1Therefore, my brothers, whom I love and long for, my joy and crown, stand firm thus in the Lord, my beloved. 2I entreat Euodia and I entreat Syntyche to agree in the Lord. 3Yes, I ask you also, true companion, help these women, who have labored side by side with me in the gospel together with Clement and the rest of my fellow workers, whose names are in the book of life. 4Rejoice in the Lord always; again I will say, Rejoice 5Let your reasonableness be known to everyone. The Lord is at hand; 6 do not be anxious about anything, but in everything by prayer and supplication with thanksgiving let your requests be made known to God. 7And the peace of God, which surpasses all understanding, will guard your hearts and your minds in Christ Jesus.  (Philippians 4:1-6 ESV)

A Closer Look at the Text

We tend to think that words like “rejoice” and “don’t be anxious” pertain to emotions. “Don’t be sad.” “Don’t worry about it.” But when we really are sad, or anxious, it doesn’t make sense for someone to tell us not to feel that way. Feelings just are. It’s difficult to “manage” feelings, especially feelings of sadness or anxiety. And when we do try to manage our feeling by toughing them out or by trying to ignore them, we are often frustrated.
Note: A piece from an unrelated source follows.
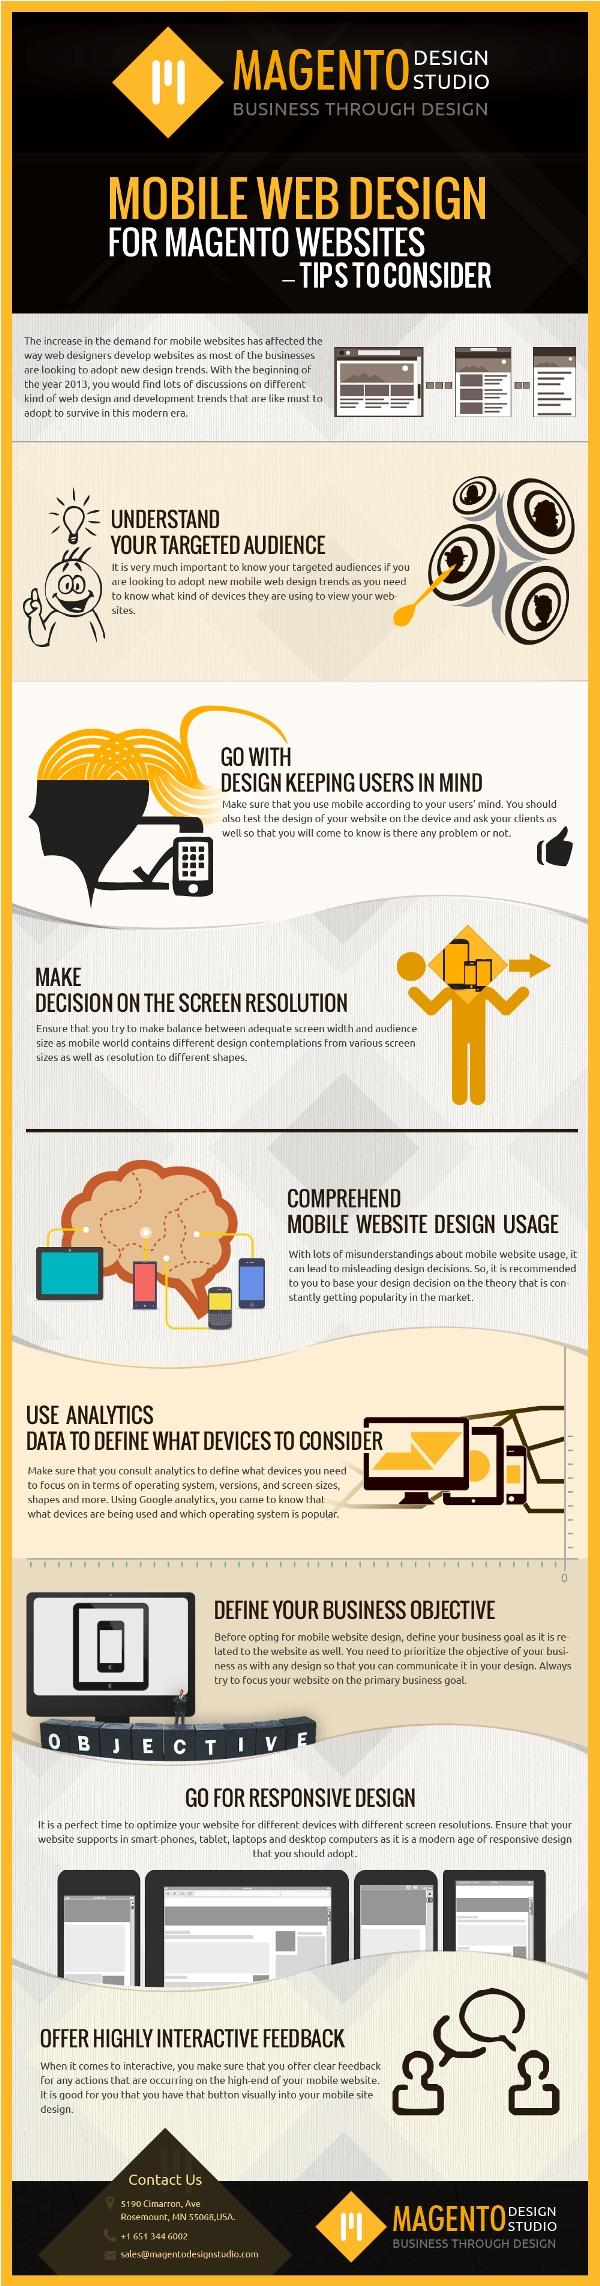 mobile-web-design-for-magento-websites--tips-to-consider_522d71297b43a.jpg 2
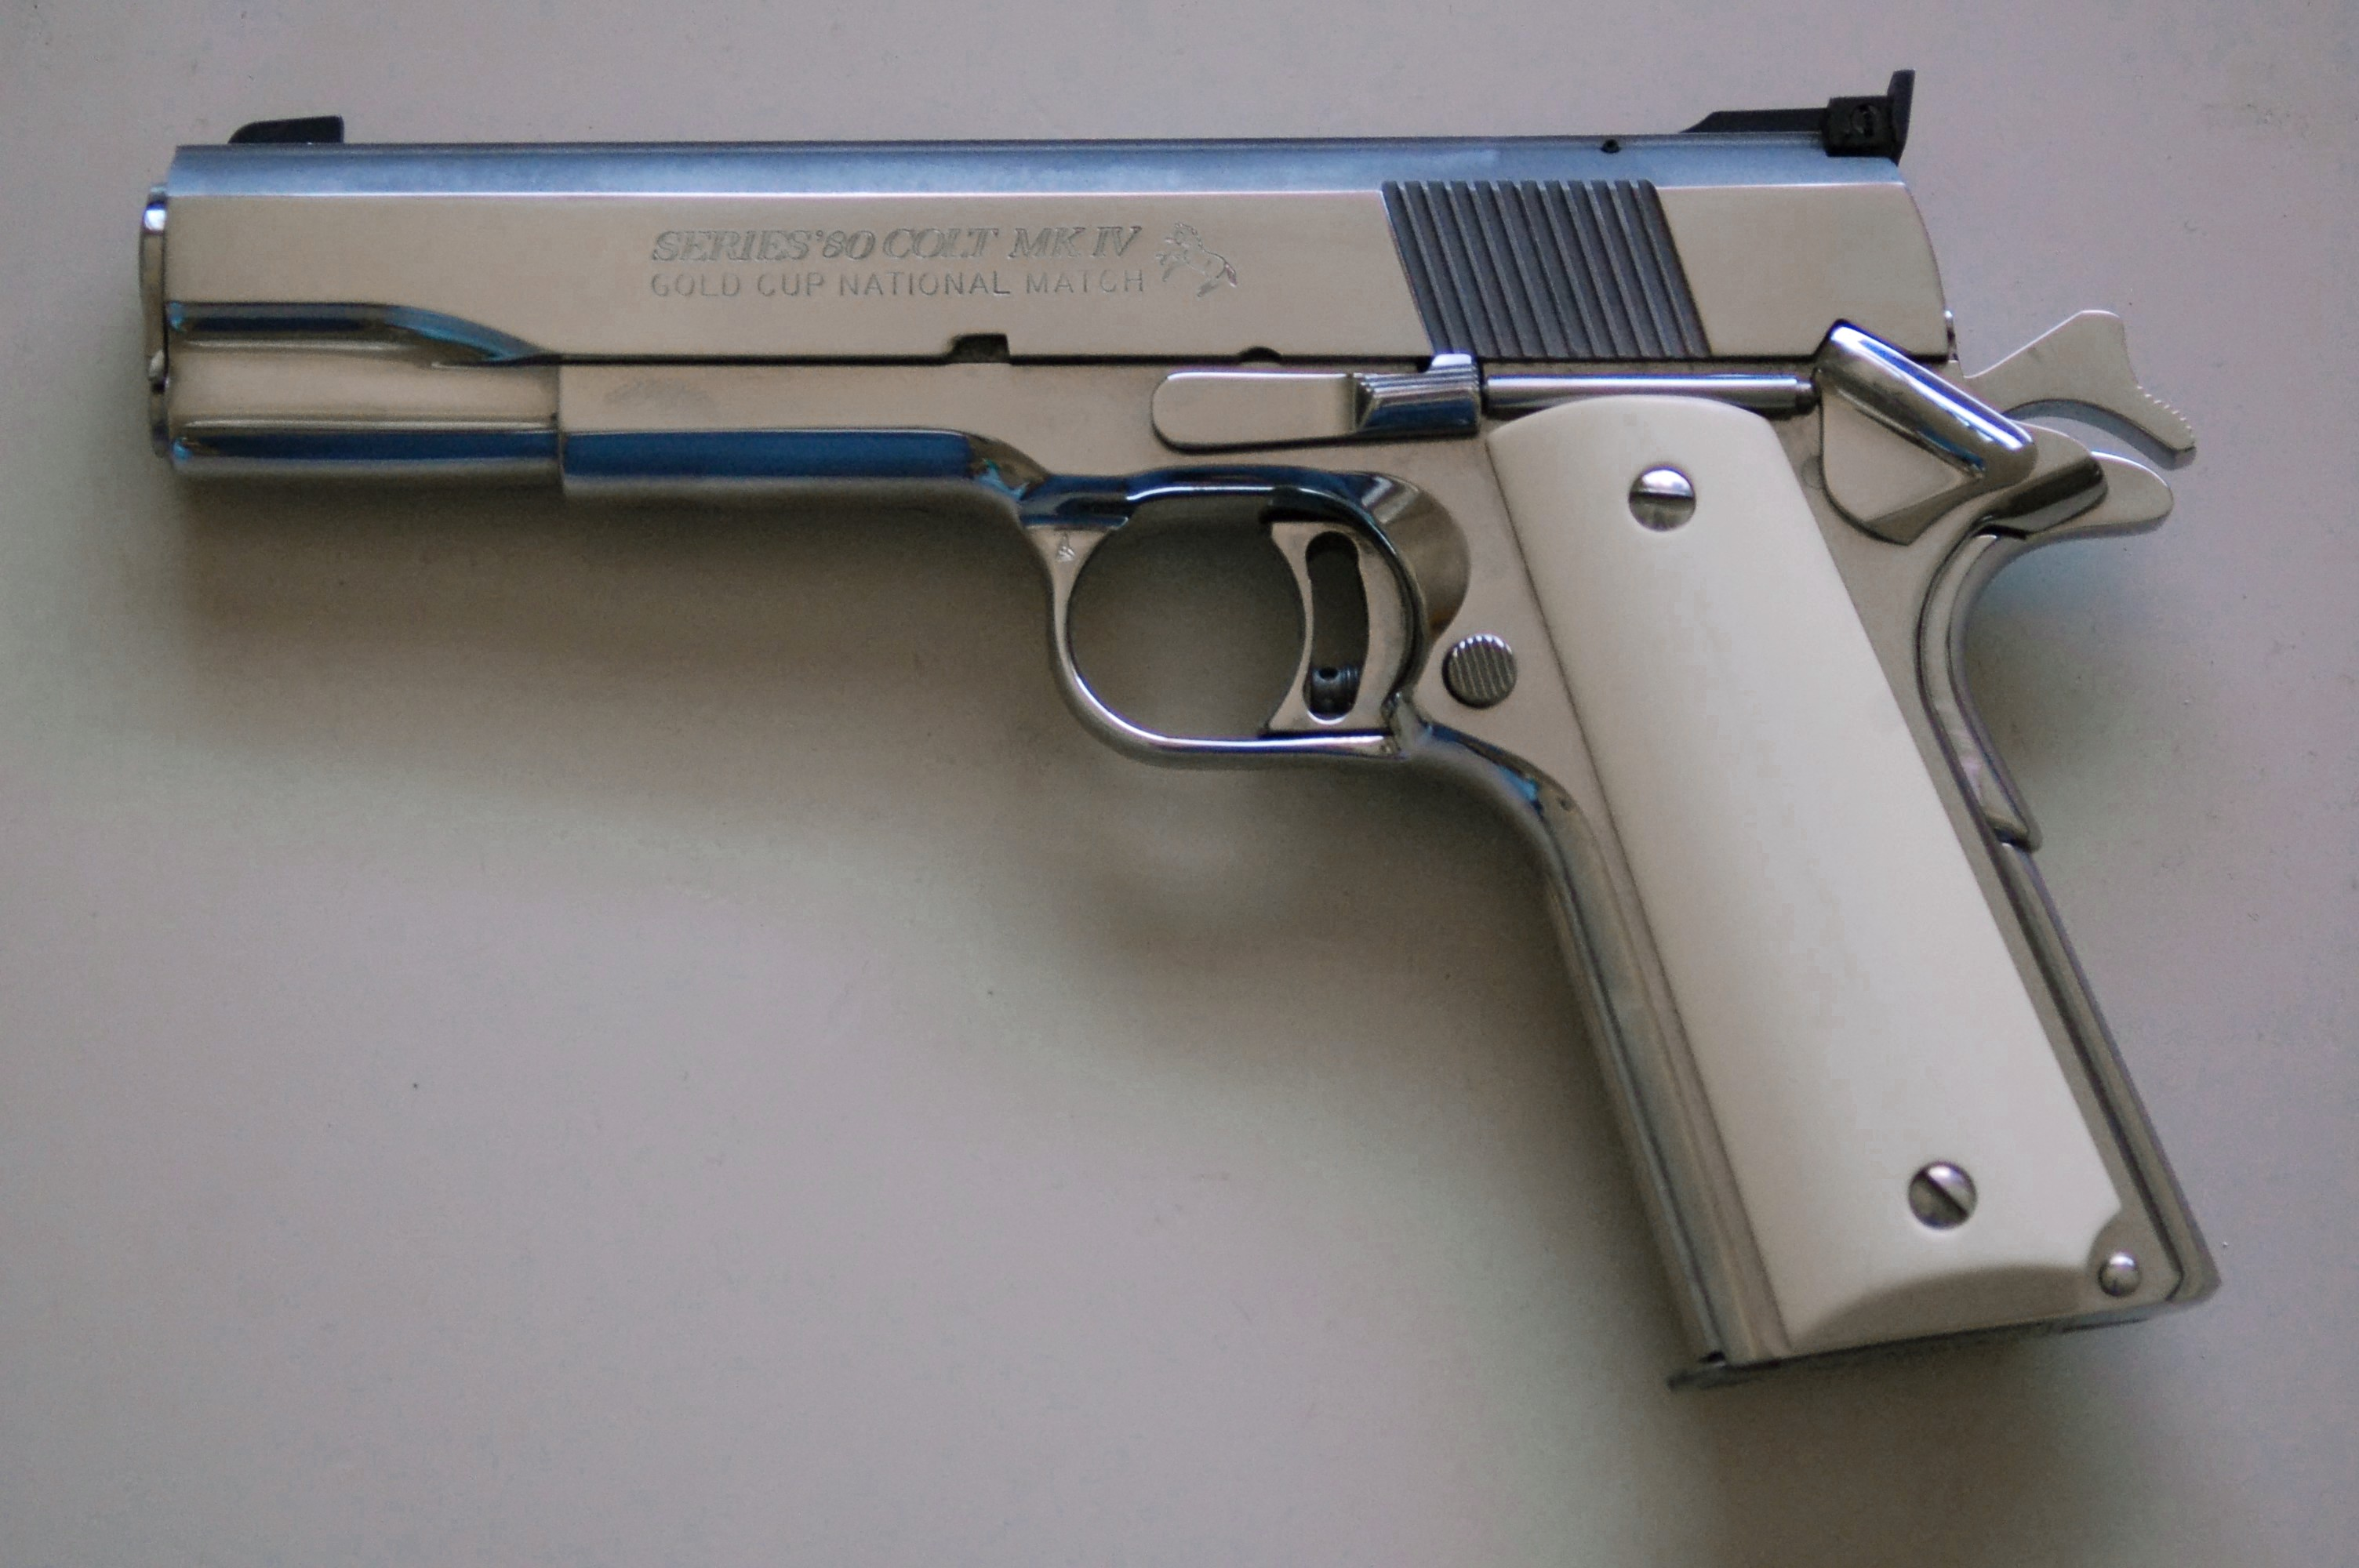 Variedades de armas de fuego (info) megapost - Info - Taringa!

In my previous post, I discussed the emotional aspect of the word “rejoice.” This post focuses on the expression “don’t be anxious.” Both sound like the readers are being instructed to change or manage their feelings as such. But just as “rejoice” is more about focusing on the Gospel (and finding both relationship and meaning in the Gospel), the expression “don’t be anxious” is more about choosing what to be concerned about, than whether to be concerned.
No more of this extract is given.